La télé-réalité s’est installée sur les petits écrans français pour la première fois en 2001 avec le premier opus de Loft Story. Alors que le remake frenchy de l’émission néerlandaise Big Brother venait de lancer la vague de la « télé-poubelle », Jean Edouard pelotait la Loana pulpeuse de l’époque dans une piscine devant des milliers de téléspectateurs.  Plus de dix années plus tard, les nouvelles émissions de télé-réalité française peinent à trouver de nouveaux moyens d’expansions…

Outre-Atlantique, c’est le reality show SummerBreak qui a apporté l’innovation en devenant la première télé-réalité produite et diffusée uniquement sur les plateformes sociales : Twitter, Instagram, Youtube et Tumblr. Oubliez la scénarisation et les crises dues aux hors-contextualisations de montages, dans cette télé-réalité rien n’a été préparé à l’avance et la vidéo n’est pas le format roi de ce nouveau concept.

Au centre du dispositif, le compte Twitter @SummerBreak joue le rôle de présentateur et agrégateur de tout le contenu produit et en rapport avec l’émission.  Les 9 jeunes vacanciers et participants au programme ont eux même un compte Twitter où ils partagent leurs ressentis avec leurs internautes.  Supposé addictif aux vues de la fougue des jeunes twittos américain, le concept  est assez surprenant et permet une immersion du personnage dans la vie du fan (ou de la groupie). Le rapprochement entre le participant et son fan est réellement intéressant pour la viralité du programme notamment grâce aux interactions directes qu’ils peuvent avoir entre eux.

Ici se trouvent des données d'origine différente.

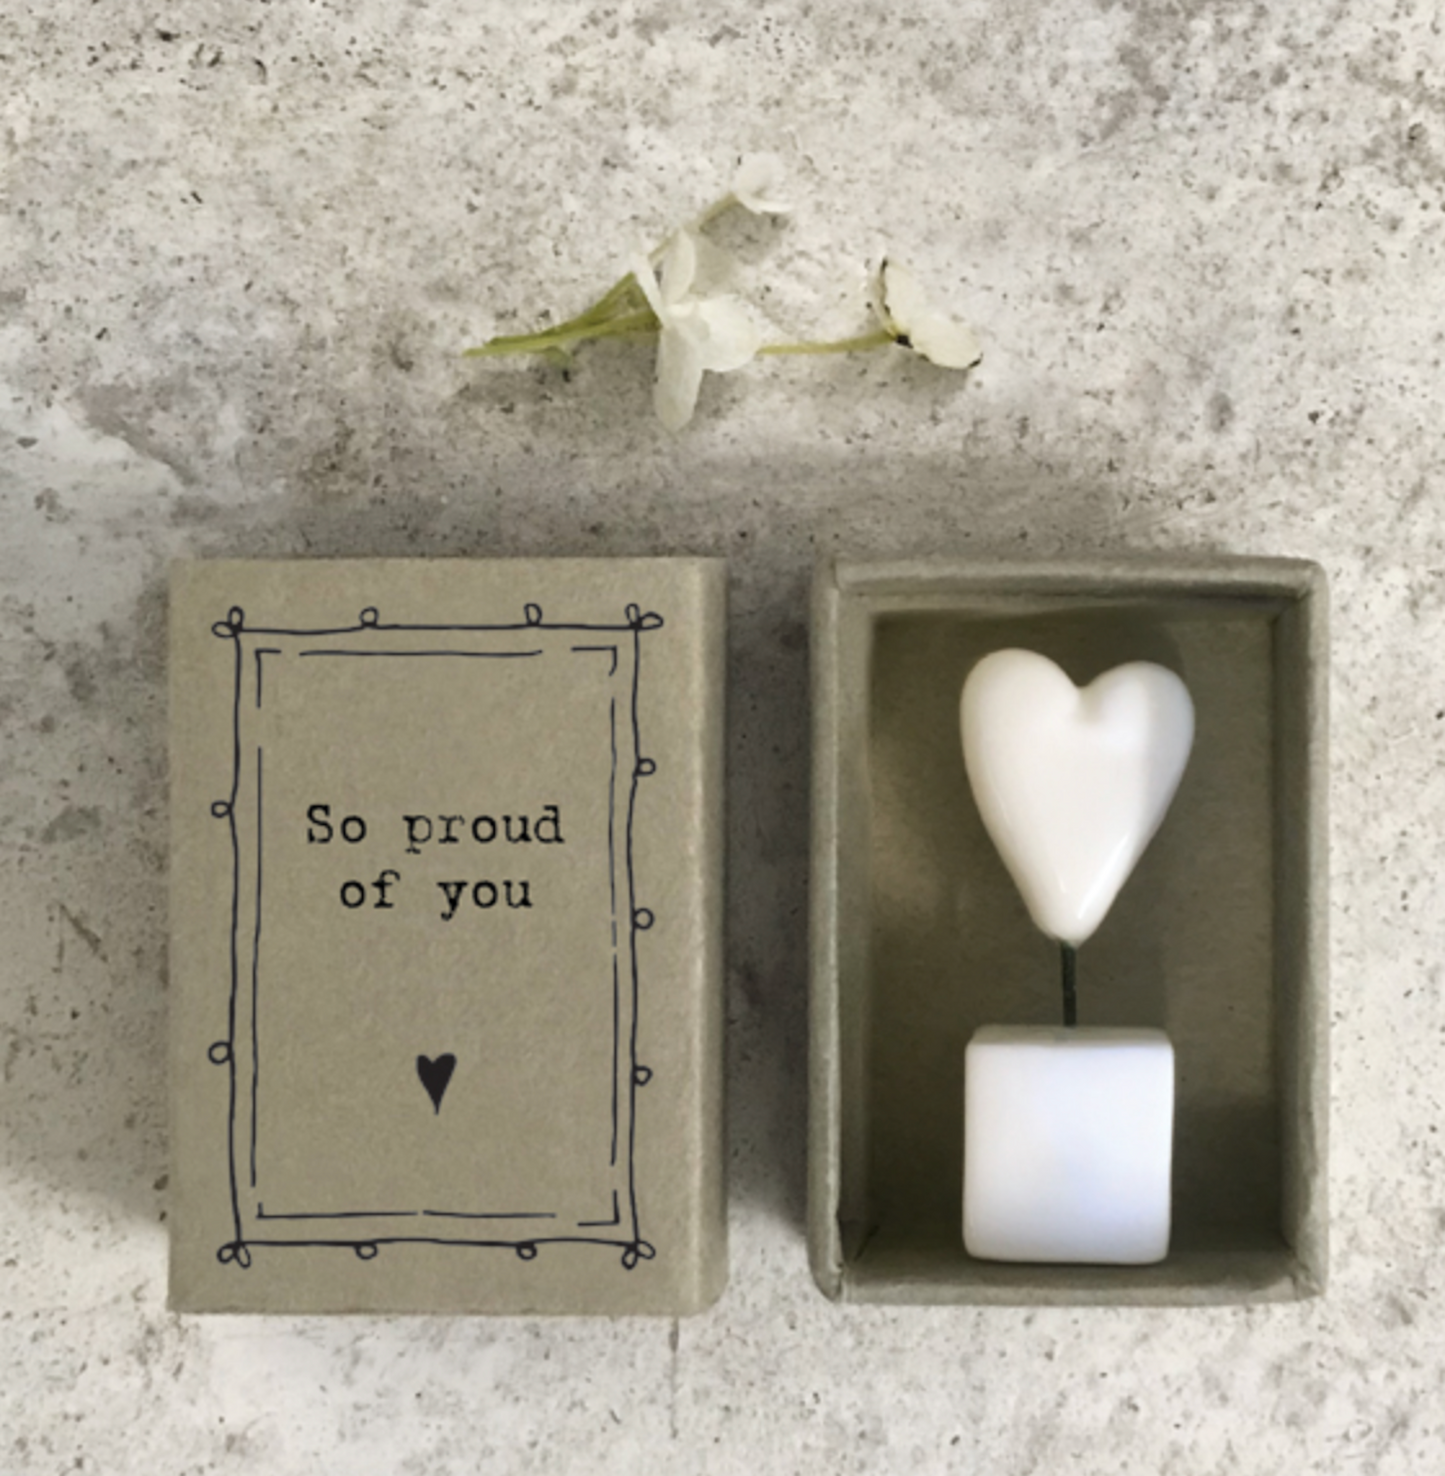 Porcelain Heart Matchbox Gift, So Proud Of You, Thinking Of You,  Gifts For Friends, Difficult Time Gifts, Small Keepsake, East Of India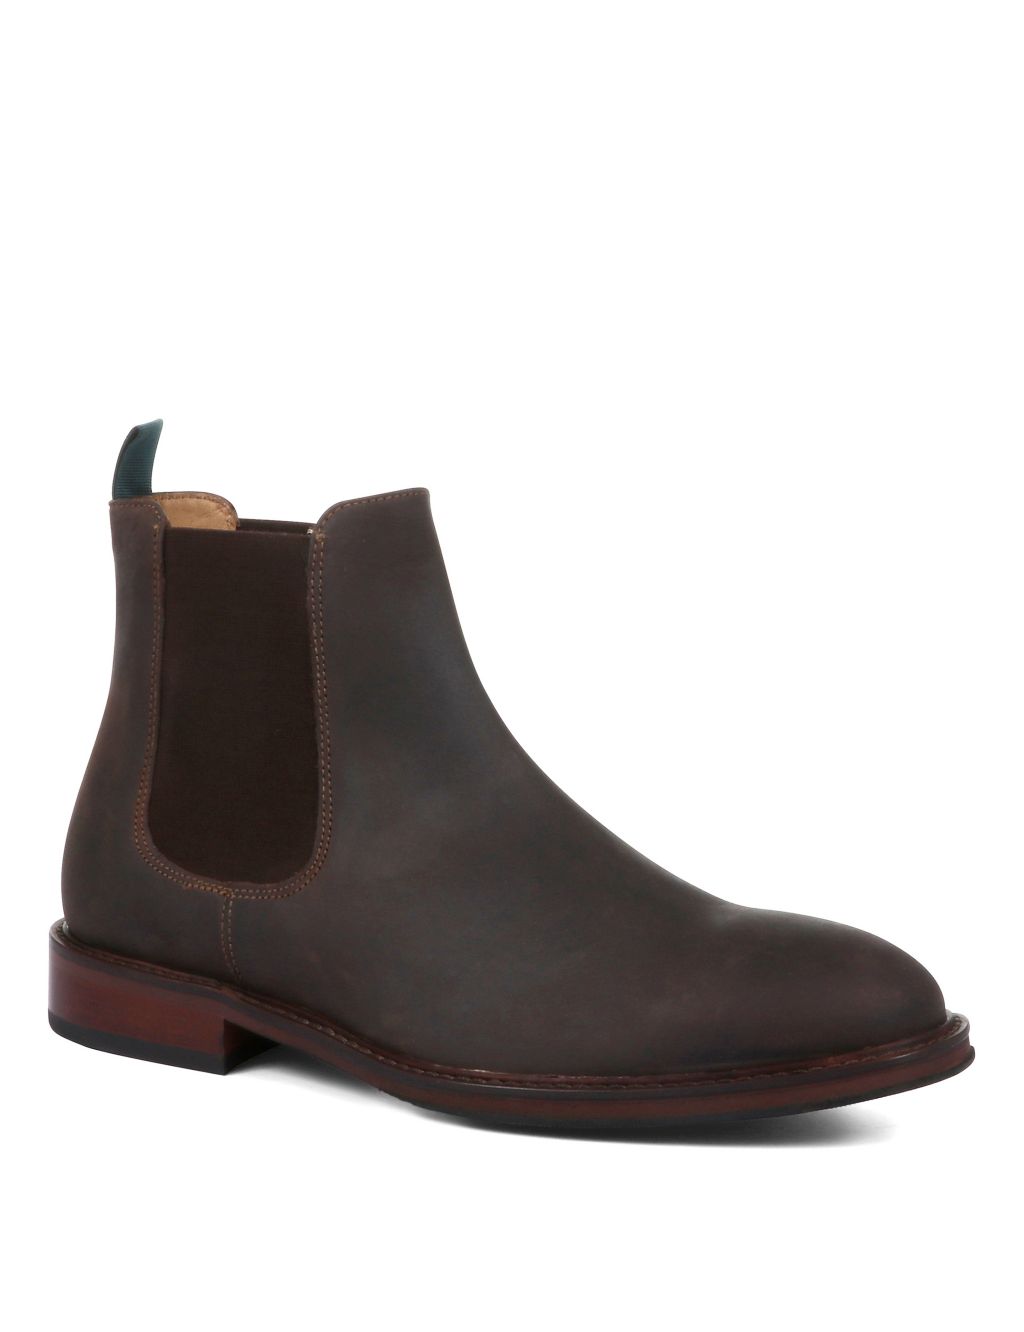 Leather Pull On Chelsea Boots image 2

Développée par AT*T, BBDO et le Groupe Chernin, le reality show SummerBreak a une vraie plus value sur les réseaux sociaux à partir du moment où le participant n’est pas bridé et quand il peut s’exprimer librement. Comme le déclare Billy Parks, l’un des producteurs de cette web-réalité: « Aujourd’hui, les jeunes sont des maîtres du storytelling vu la manière dont ils façonnent et partagent leur vie de tous les jours sur les réseaux.»  En ajoutant à cela les codes de la télé-réalité dite « classique »,  chaque protagoniste peut être suivi en temps réel 24/7 afin de découvrir leurs histoires d’amour, engueulades, délires ou ruptures. Seul différence, ils le font via leurs propres photos filtrées Instagram, des confessions devant les caméras de la production immédiatement mises sur Youtube et des déclarations de 140 caractères de la réponse au fan au trashtalk sur d’autres candidats.

Peut être que ce genre d’innovation inspirera Endemol (Secret Story), La Grosse Equipe (Les Anges), Banijay (Les Marseillais) pour  débusquer un nouveau format d’émission viable non seulement en terme d’audience mais aussi financièrement.